Newmarket Course
- Location: Garden City, Nassau County, Long Island, New York, U.S.
- Date opened: 1665
- Course type: Horse racing

= Newmarket Course =

Former horse racing course in Hempstead, New York

Newmarket Course was a horse racing track in what is now Garden City, Nassau County, Long Island, New York. Opened in 1665, it was the first race track to be built in the Province of New York, and it closed in the nineteenth century.

==History==
The Newmarket Course was established in the area of present-day Garden City, New York, within the Town of Hempstead. It was the earliest race track built in the Province of New York (now New York State) while under English control in the American colonies. Only a few miles separated the former track from present-day Belmont Park in Elmont.

When the English ousted the Dutch during the conquest of New Netherland in 1664, the main settlement, New Amsterdam, was renamed the New York Colony. Colonel Richard Nicholls, the first Colonial Governor of New York, established the province's first race course on today's Hempstead Plains on May 1, 1665. The broad plain near the town, level and covered with soft grass, was called "Salisbury Plain" after its English namesake. Nicholls, in February 1665, called a public meeting and ordered the measuring of a two-mile course on the level prairie. Noting the plains' natural suitability for horse racing, he launched an annual horse race with a silver crown or a bushel of wheat for the winner. He intended to promote horse breeding in the New York province. Nicolls criticized the Flemish horse breed, judging it better for "slow labor than fleetness or display."

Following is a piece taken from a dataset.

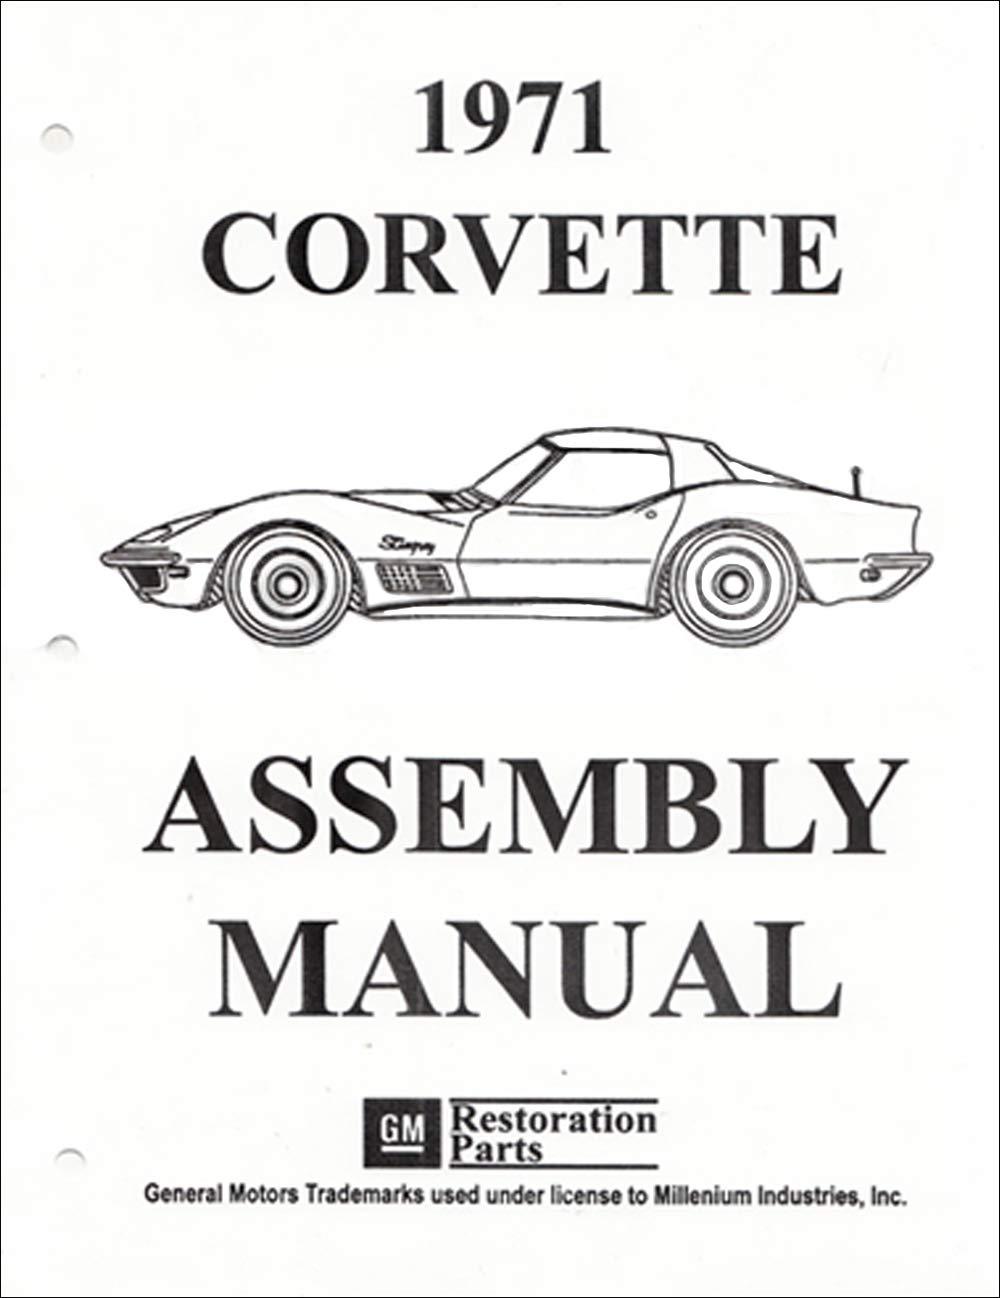 1973 Corvette Reprint Factory Assembly Manual Corvette Gm Chevy Chevrolet Corvette Gm Chevy Chevrolet Corvette Gm Chevy Chevrolet Corvette Gm Chevy Chevrolet Corvette Gm Chevy Chevrolet Corvette Gm Chevy Chevrolet Corvette Gm

In honor of King Charles II's favorite English track, Richard Nicholls named the course after Newmarket Racecourse in Newmarket, Suffolk. The Newmarket name was used again for a race course built in South Carolina in 1760, and later for another in Virginia.

The first race at the newly established Newmarket Course took place in 1665 under the governor's supervision. The site hosted races for at least 100 years following that race. On the two-mile grass course, horses raced in pairs, and the day’s last event determined the fastest. For over a century, the governor with his suite and council, New York's high officials, city gentry, and Long Island farmers met at the grounds—first yearly, then at spring and fall meetings.

Governor Francis Lovelace, New York's second English governor, carried on Nicolls's horse racing initiatives. In 1669, the colonial governor directed Hempstead justices to collect subscriptions from those interested in competing. Col. Lovelace instructed that a race be held every May and that subscriptions be sent to Captain Silvester Salisbury. As the Governor of New York from 1668 to 1673, he increased both annual prizes and race numbers and helped establish the Beaver Pond course.

In 1670, from England, Daniel Denton wrote: "Toward the middle of the island (Long Island), lies a plain 16 miles long and four miles broad, where you will find neither stick nor stone to hinder the horses' heels or endanger them in their races, and twice a year the best horses in the land are brought hither to test their swiftness."

An association organized in 1804 to remodel the old Newmarket Course, but by 1809, lacking funds and unable to control an unfenced track, they replaced it with a fenced course a mile north, keeping the original name.

The Newmarket Course was Long Island's principal race track until the spring of 1821, when an act of the New York Legislature permitted horse speed trials in Queens County during the months of May and October.

==Closure==
In April 1827, Daniel Bedell, Butler Coles, and Thomas Jones applied to the town for a ten-year lease of sixty acres on the common plains near the former Newmarket Course, at a price to be mutually agreed on. The site of the former race track is located near the New Hyde Park LIRR station on land that is now occupied by New Hyde Park Road, Clinch Avenue and Newmarket Road.

In Garden City, New York, a plaque commemorates the Newmarket Course's site. Located at the intersection of Stewart and Hilton avenues, the plaque was dedicated on May 14, 1966 by the New York Racing Association (NYRA) to commemorate the 300th anniversary of the start of horse racing in the United States. In 1999, NYRA presented the village of Garden City with a furlong marker from Belmont Park, which was mounted near the plaque on the village green.